I've done A'levels in three subjects, but of the sciences, I haven't given my chemistry exam (I gave all three pure sciences in O'levels), now registering for the exam would make me loose one year so is there any option ? Like if the pmdc may take any placement test of chemistry, I can prepare and give the exam and even mcat exam. Please let me know if there's a way out, I'm in Saudi Arabia and will be in Pak by 27 th July, if there's any option please let me know.


----------



## Saad Zafar (Apr 16, 2013)

Yes plz upload 2012 uhs mcat paper if any body have it.. It will be appriciated.


----------



## hudanasir (Nov 23, 2012)

I had the same issue last year. I did three A levels from Riyadh but hadn't appeared for Physics. All Universities that i visited in Karachi rejected me as they said IBCC wont issue any equivalence because the science group isn't complete. Not even SAT I or II can replace this. I had to spend a year in Pakistan appearing for Physics (AS n A level) and to get a merit/ local seat the university officials asked me to appear for Pakistan studies and Islamiyaat (Urdu I already had appeared in O levels). All this wasnt as difficult as it had seemed in the beginning. Im expecting my results in August Inshallah.


----------



## Hadaya Qaisar (Mar 3, 2013)

You did it all privately ? Is their any issue in that ? And do you know that how much marks does IBCC cuts for A'levels ?


----------



## hudanasir (Nov 23, 2012)

I joined an academy and got registered from there. Uptill now there is no issue. and about the marks that are deducted, I have no idea.
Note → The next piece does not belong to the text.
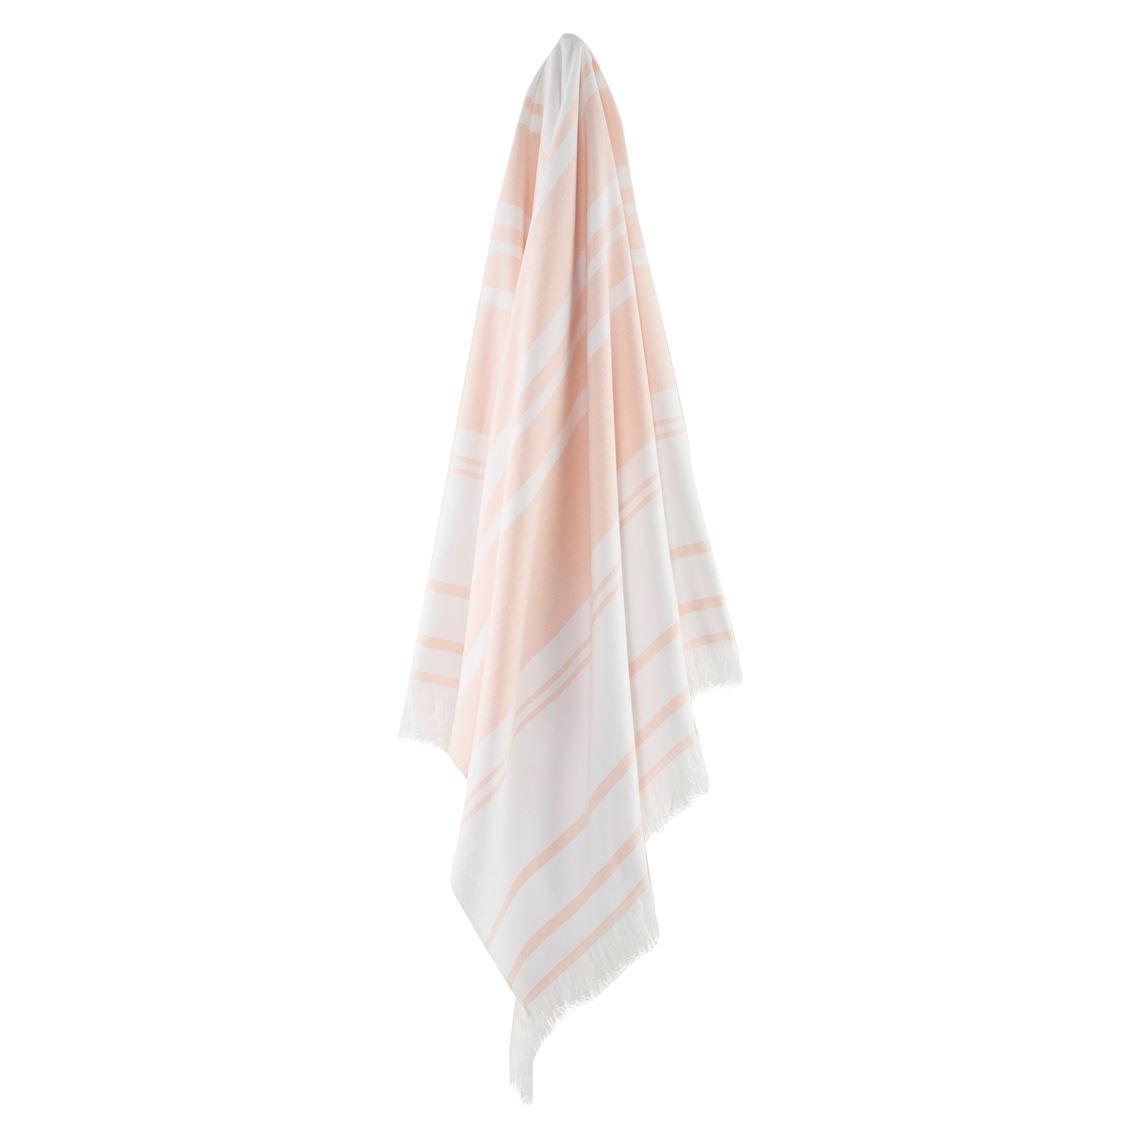 Bellagio Hammam Towel Size W 12cm x D 42cm x H 12cm in Soft Pink Freedom

I'll let you know when my equivalence is made.


----------



## Hadaya Qaisar (Mar 3, 2013)

Ok please do! Well I'll try first this year if they take any placement test for chemistry and make the equilvalance, is their any chance for this ?


----------



## Mariamumtaz (Jun 26, 2013)

any one is giving ETEA test???????


----------



## hudanasir (Nov 23, 2012)

no they wont take any kinda test.. trust me..i have gone through all this last year because of physics...!!


----------



## sahernaqvi (Oct 9, 2012)

yes im applying to kpk via the etea test


----------



## Hadaya Qaisar (Mar 3, 2013)

Ok. I'll see


----------



## adnan ahmed (Jul 18, 2013)

anyone tell me which book is best for fmc perparation??=


----------